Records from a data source
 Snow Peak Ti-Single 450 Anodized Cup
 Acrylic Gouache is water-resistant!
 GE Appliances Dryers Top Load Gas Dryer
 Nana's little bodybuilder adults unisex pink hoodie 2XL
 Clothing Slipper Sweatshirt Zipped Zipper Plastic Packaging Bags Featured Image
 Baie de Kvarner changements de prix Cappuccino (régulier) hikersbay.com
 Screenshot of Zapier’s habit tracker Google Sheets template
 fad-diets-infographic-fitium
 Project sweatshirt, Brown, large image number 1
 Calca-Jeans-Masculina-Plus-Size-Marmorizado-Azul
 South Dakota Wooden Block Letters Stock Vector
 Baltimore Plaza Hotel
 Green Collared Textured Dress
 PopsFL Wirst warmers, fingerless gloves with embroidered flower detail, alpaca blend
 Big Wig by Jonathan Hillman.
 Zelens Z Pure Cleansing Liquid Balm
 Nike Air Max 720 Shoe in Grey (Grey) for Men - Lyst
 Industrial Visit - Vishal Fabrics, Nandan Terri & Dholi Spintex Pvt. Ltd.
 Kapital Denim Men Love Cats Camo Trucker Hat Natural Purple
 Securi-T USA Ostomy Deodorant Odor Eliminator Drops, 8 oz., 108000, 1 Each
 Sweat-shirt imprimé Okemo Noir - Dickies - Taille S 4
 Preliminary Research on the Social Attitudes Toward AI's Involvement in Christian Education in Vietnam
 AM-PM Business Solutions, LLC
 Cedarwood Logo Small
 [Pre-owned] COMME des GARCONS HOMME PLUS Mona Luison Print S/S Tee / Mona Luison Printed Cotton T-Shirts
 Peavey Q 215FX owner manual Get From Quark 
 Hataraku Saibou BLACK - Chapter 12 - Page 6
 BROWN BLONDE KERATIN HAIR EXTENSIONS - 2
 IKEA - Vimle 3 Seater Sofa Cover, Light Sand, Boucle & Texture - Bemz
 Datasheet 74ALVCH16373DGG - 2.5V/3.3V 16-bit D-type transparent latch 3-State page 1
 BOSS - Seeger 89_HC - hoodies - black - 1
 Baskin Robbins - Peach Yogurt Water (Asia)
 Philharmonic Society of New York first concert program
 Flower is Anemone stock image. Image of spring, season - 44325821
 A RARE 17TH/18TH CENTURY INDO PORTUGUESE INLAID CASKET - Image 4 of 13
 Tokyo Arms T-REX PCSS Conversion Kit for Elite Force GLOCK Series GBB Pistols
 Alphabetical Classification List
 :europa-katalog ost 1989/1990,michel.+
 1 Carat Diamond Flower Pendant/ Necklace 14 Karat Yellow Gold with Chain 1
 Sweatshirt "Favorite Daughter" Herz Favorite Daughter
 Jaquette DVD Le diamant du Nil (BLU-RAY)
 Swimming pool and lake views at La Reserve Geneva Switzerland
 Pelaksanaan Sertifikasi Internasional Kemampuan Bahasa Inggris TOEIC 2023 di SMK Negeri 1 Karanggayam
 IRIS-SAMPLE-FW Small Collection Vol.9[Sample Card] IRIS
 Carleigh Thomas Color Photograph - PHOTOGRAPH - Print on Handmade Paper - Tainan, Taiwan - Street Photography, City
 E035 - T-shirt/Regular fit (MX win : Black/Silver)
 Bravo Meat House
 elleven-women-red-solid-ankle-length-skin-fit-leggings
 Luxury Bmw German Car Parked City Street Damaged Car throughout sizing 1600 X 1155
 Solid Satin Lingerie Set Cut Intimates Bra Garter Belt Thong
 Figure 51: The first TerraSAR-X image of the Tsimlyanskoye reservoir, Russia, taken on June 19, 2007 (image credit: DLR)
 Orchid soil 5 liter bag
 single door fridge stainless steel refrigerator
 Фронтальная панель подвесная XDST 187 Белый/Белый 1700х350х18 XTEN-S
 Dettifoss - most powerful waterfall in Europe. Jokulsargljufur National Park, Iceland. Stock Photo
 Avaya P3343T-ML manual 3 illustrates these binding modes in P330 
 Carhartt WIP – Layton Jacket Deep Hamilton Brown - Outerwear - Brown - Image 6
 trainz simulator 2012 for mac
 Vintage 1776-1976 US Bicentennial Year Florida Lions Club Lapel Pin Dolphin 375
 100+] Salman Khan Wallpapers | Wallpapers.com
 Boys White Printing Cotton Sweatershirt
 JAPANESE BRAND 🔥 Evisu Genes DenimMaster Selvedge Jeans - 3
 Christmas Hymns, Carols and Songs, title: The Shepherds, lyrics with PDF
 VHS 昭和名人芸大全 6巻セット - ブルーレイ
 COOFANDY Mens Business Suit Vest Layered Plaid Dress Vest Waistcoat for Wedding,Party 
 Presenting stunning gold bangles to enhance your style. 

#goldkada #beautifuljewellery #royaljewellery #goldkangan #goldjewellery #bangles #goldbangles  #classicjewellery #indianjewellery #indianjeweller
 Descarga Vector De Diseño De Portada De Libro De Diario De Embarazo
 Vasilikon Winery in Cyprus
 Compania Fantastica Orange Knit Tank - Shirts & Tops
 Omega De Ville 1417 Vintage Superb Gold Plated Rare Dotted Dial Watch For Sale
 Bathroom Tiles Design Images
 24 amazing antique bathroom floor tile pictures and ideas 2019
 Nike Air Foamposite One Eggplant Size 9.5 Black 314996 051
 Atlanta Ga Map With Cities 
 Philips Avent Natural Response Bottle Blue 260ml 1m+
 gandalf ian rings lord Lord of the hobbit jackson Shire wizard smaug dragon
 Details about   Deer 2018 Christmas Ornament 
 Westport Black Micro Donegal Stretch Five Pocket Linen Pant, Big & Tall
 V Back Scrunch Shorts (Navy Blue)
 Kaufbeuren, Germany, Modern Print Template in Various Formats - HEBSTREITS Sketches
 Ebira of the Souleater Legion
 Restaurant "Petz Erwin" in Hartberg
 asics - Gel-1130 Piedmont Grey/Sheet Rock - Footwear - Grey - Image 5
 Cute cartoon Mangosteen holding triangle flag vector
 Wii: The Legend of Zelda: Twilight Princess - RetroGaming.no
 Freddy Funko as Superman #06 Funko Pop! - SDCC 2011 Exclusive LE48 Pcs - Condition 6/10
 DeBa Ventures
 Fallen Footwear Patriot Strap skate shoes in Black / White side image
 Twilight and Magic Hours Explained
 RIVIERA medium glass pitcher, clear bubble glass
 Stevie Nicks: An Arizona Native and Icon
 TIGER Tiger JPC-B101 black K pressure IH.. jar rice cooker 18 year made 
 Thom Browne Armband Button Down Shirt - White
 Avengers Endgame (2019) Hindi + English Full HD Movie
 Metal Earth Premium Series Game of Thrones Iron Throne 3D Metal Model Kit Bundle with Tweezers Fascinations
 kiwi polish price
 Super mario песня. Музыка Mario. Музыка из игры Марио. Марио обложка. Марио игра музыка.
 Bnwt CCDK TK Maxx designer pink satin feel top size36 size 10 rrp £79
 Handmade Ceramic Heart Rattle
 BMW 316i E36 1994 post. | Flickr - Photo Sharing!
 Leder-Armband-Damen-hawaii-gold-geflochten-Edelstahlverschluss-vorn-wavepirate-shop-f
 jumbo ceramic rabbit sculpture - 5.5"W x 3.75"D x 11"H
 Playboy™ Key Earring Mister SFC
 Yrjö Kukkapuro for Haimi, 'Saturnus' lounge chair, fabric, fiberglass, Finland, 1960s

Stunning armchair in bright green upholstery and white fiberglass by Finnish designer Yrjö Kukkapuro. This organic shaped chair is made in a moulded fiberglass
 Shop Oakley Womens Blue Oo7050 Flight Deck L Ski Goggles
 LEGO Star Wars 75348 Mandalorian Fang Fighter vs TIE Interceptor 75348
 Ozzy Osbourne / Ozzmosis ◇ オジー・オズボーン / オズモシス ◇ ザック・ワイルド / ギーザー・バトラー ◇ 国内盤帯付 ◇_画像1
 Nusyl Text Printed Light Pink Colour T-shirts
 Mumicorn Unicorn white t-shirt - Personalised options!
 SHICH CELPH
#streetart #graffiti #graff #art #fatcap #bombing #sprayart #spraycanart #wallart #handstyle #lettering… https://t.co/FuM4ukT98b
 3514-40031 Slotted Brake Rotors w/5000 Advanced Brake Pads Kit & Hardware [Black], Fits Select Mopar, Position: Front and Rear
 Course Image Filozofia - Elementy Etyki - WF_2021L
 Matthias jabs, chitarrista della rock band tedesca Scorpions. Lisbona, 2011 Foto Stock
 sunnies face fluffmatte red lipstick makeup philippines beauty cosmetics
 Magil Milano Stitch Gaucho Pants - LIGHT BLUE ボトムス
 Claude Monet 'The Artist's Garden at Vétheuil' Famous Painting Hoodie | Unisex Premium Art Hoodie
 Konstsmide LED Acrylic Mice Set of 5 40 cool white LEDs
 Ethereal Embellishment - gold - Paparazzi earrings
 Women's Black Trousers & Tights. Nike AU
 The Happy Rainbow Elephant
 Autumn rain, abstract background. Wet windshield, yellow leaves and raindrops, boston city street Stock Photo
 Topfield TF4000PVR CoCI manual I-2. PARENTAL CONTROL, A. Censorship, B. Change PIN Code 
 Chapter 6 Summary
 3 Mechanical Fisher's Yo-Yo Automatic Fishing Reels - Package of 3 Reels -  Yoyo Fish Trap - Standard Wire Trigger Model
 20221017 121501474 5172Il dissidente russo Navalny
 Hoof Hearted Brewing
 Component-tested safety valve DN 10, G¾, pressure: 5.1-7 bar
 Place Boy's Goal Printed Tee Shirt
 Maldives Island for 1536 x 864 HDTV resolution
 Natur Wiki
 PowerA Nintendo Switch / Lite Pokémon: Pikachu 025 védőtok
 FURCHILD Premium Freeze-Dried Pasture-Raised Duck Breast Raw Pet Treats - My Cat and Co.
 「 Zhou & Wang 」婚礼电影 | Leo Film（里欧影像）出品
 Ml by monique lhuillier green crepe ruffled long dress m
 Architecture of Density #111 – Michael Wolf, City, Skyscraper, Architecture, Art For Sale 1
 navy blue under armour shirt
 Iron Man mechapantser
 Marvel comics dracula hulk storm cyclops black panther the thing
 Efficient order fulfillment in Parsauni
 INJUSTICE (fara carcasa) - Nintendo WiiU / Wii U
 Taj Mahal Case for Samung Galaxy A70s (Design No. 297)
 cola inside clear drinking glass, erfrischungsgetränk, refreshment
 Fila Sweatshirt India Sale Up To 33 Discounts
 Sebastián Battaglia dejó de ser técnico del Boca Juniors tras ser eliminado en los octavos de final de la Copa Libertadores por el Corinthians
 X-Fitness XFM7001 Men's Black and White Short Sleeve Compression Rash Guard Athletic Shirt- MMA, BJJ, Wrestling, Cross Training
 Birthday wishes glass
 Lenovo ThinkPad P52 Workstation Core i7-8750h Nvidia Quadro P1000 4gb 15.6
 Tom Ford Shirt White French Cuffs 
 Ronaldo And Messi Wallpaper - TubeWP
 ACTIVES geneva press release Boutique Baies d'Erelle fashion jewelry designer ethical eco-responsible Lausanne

**Assignment:** Only the lines above from the line with "Datasheet 74ALVCH16373DGG - 2.5V/3.3V" to the line with "Alphabetical Classification List", those two lines included, should be reproduced exactly.

**Result of the task:**
 Datasheet 74ALVCH16373DGG - 2.5V/3.3V 16-bit D-type transparent latch 3-State page 1
 BOSS - Seeger 89_HC - hoodies - black - 1
 Baskin Robbins - Peach Yogurt Water (Asia)
 Philharmonic Society of New York first concert program
 Flower is Anemone stock image. Image of spring, season - 44325821
 A RARE 17TH/18TH CENTURY INDO PORTUGUESE INLAID CASKET - Image 4 of 13
 Tokyo Arms T-REX PCSS Conversion Kit for Elite Force GLOCK Series GBB Pistols
 Alphabetical Classification List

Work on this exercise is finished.